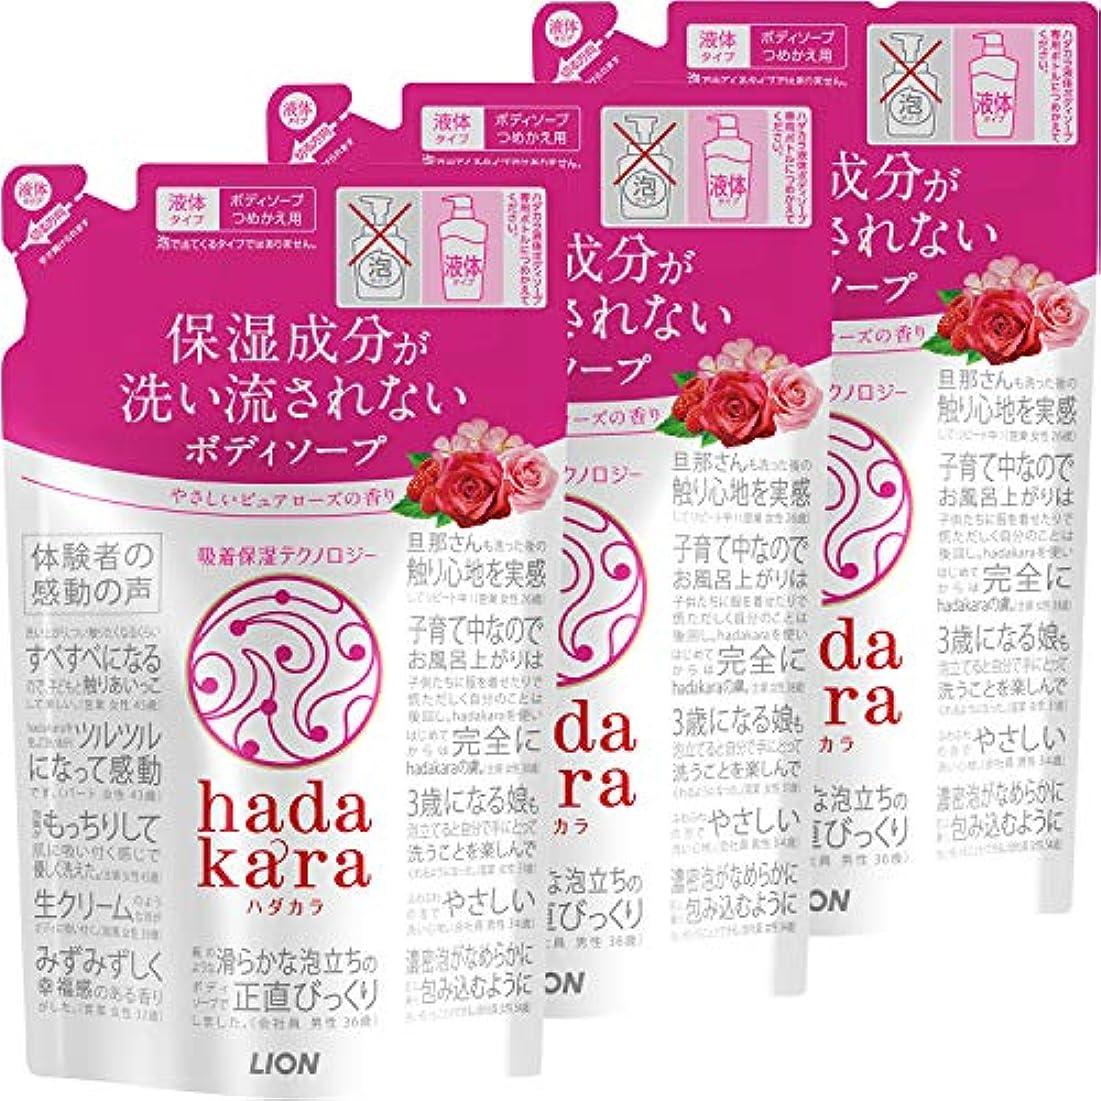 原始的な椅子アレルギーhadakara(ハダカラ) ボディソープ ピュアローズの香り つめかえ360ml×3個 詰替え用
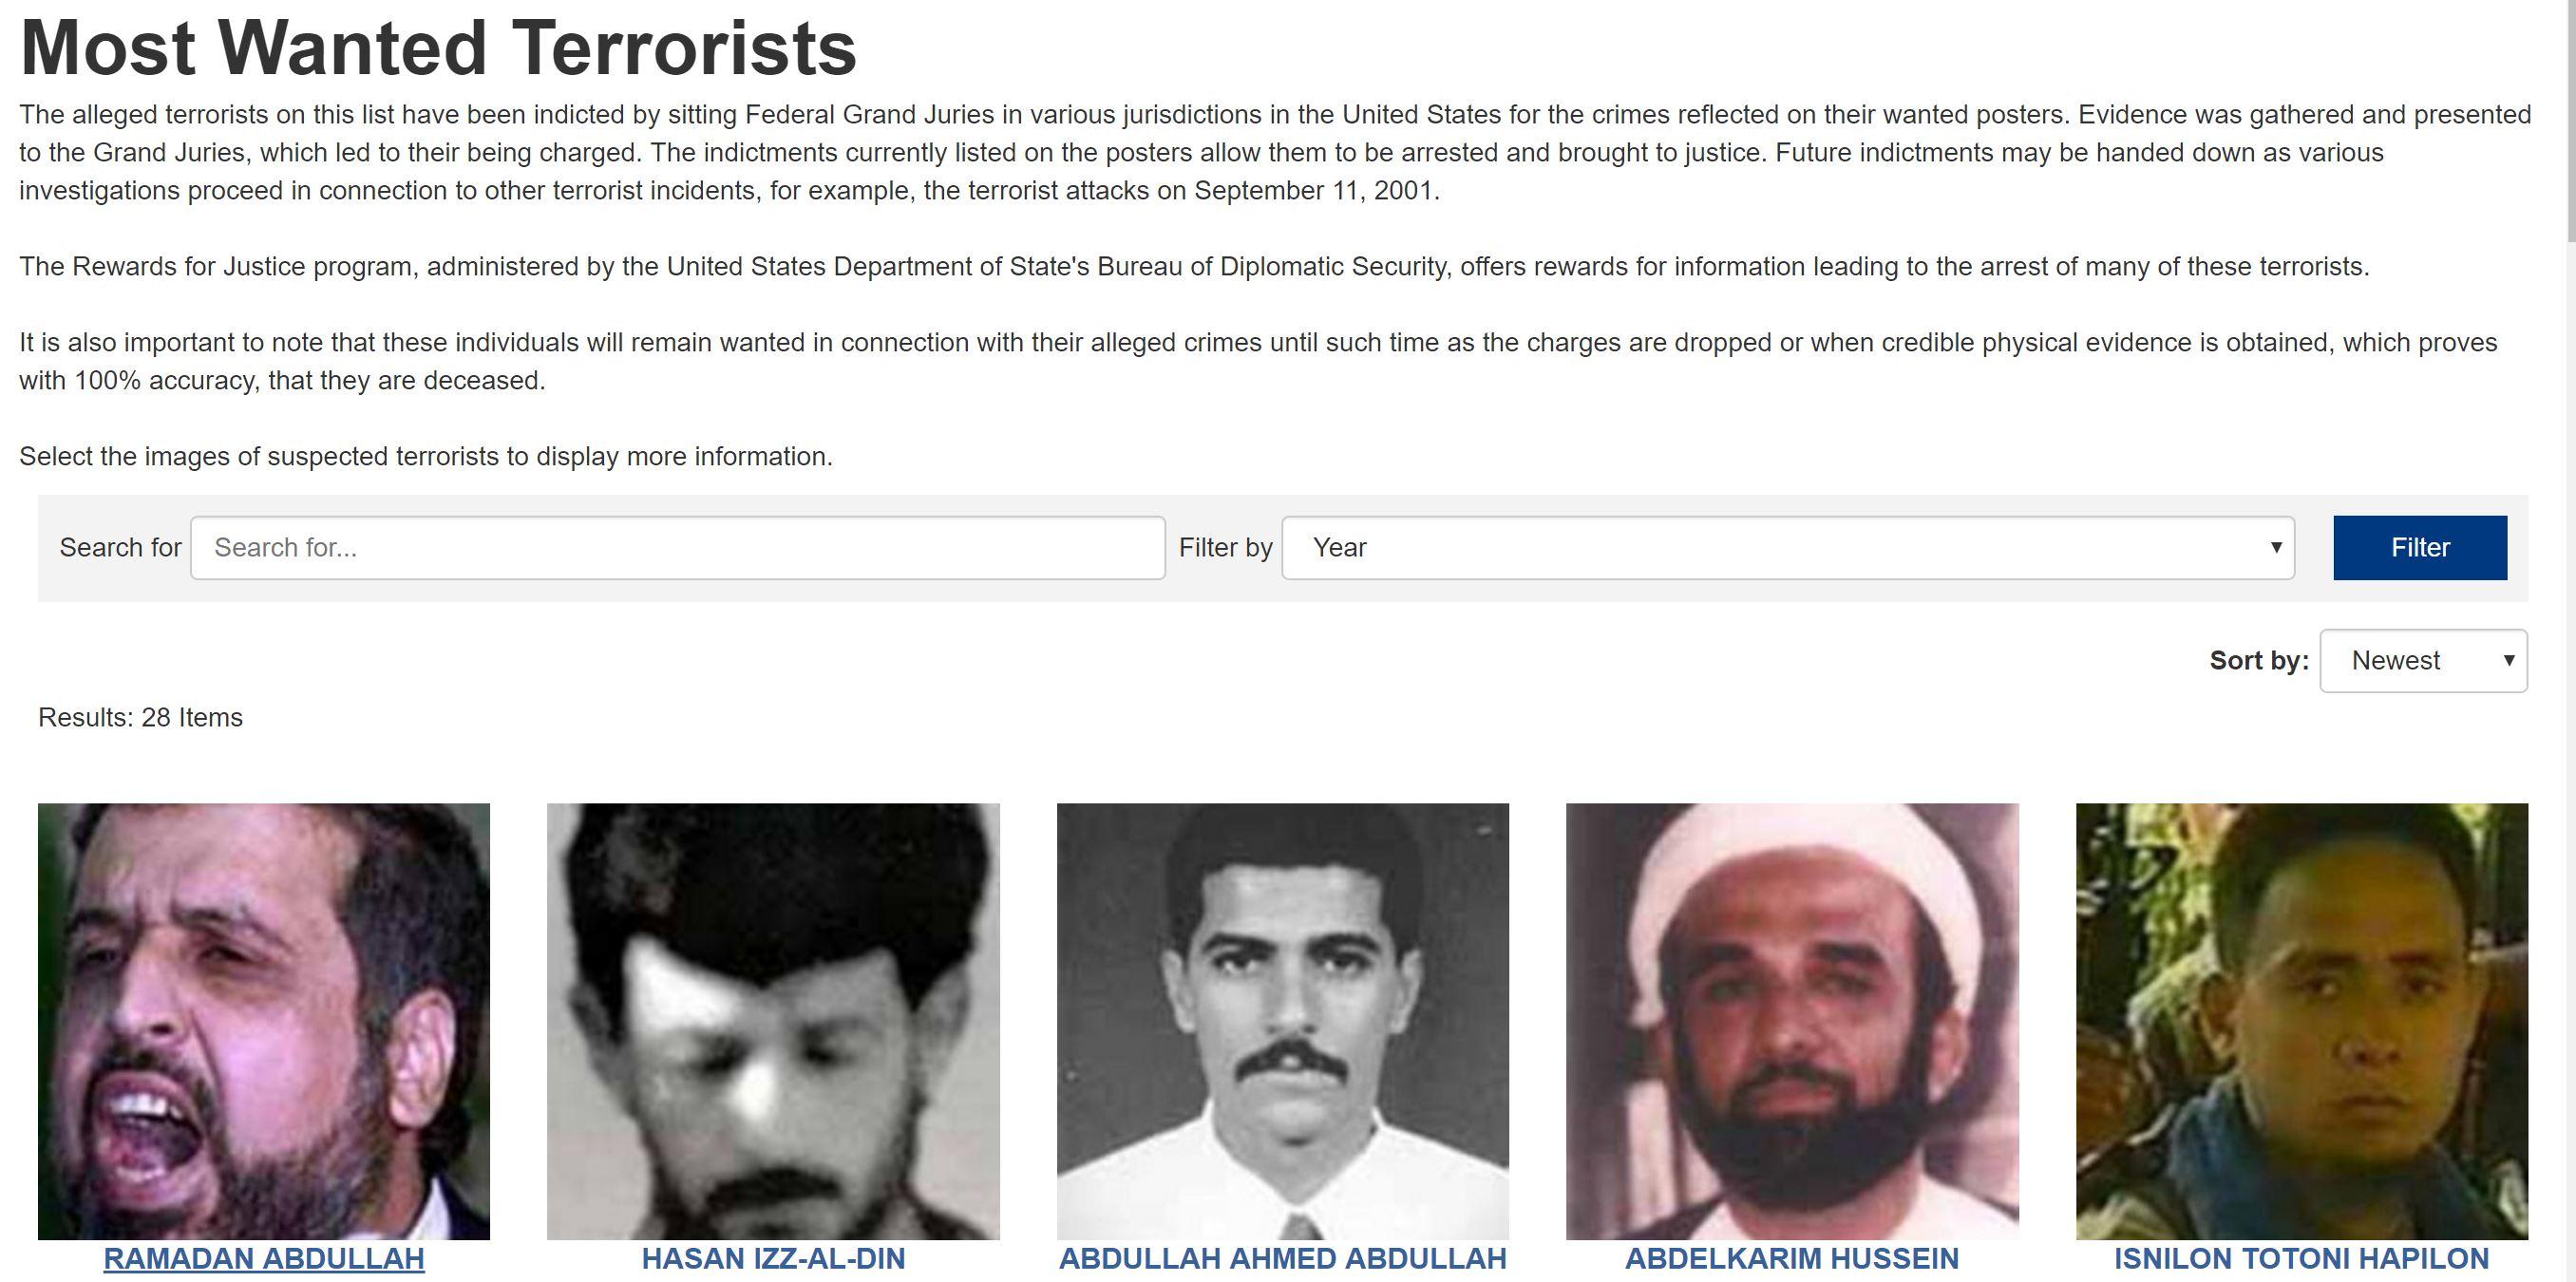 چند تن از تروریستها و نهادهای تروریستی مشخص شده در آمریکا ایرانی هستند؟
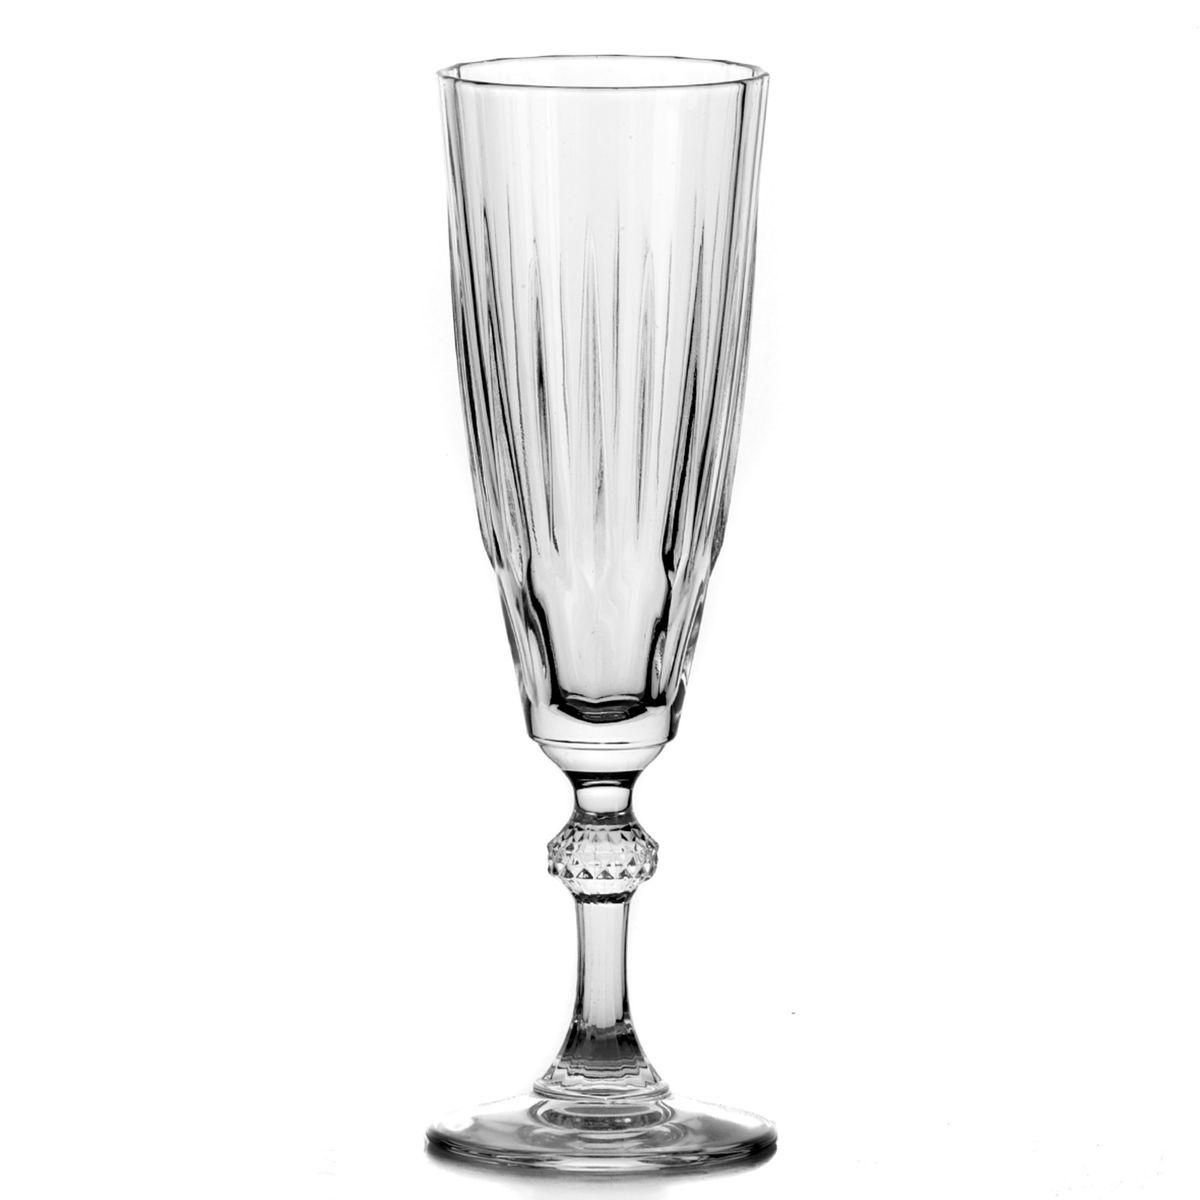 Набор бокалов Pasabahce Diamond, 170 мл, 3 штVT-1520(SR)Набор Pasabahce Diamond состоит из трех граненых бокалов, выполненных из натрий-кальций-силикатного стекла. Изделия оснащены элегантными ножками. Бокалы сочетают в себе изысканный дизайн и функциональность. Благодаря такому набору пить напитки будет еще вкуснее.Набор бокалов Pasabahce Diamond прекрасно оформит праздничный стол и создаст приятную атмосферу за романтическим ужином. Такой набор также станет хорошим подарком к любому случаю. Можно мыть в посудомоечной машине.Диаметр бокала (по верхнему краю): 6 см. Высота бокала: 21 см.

************

The data should be printed again unchanged; leave its pictures out.

Response to this task
 原始的な椅子アレルギーhadakara(ハダカラ) ボディソープ ピュアローズの香り つめかえ360ml×3個 詰替え用
 چند تن از تروریستها و نهادهای تروریستی مشخص شده در آمریکا ایرانی هستند؟
 Набор бокалов Pasabahce Diamond, 170 мл, 3 штVT-1520(SR)Набор Pasabahce Diamond состоит из трех граненых бокалов, выполненных из натрий-кальций-силикатного стекла. Изделия оснащены элегантными ножками. Бокалы сочетают в себе изысканный дизайн и функциональность. Благодаря такому набору пить напитки будет еще вкуснее.Набор бокалов Pasabahce Diamond прекрасно оформит праздничный стол и создаст приятную атмосферу за романтическим ужином. Такой набор также станет хорошим подарком к любому случаю. Можно мыть в посудомоечной машине.Диаметр бокала (по верхнему краю): 6 см. Высота бокала: 21 см.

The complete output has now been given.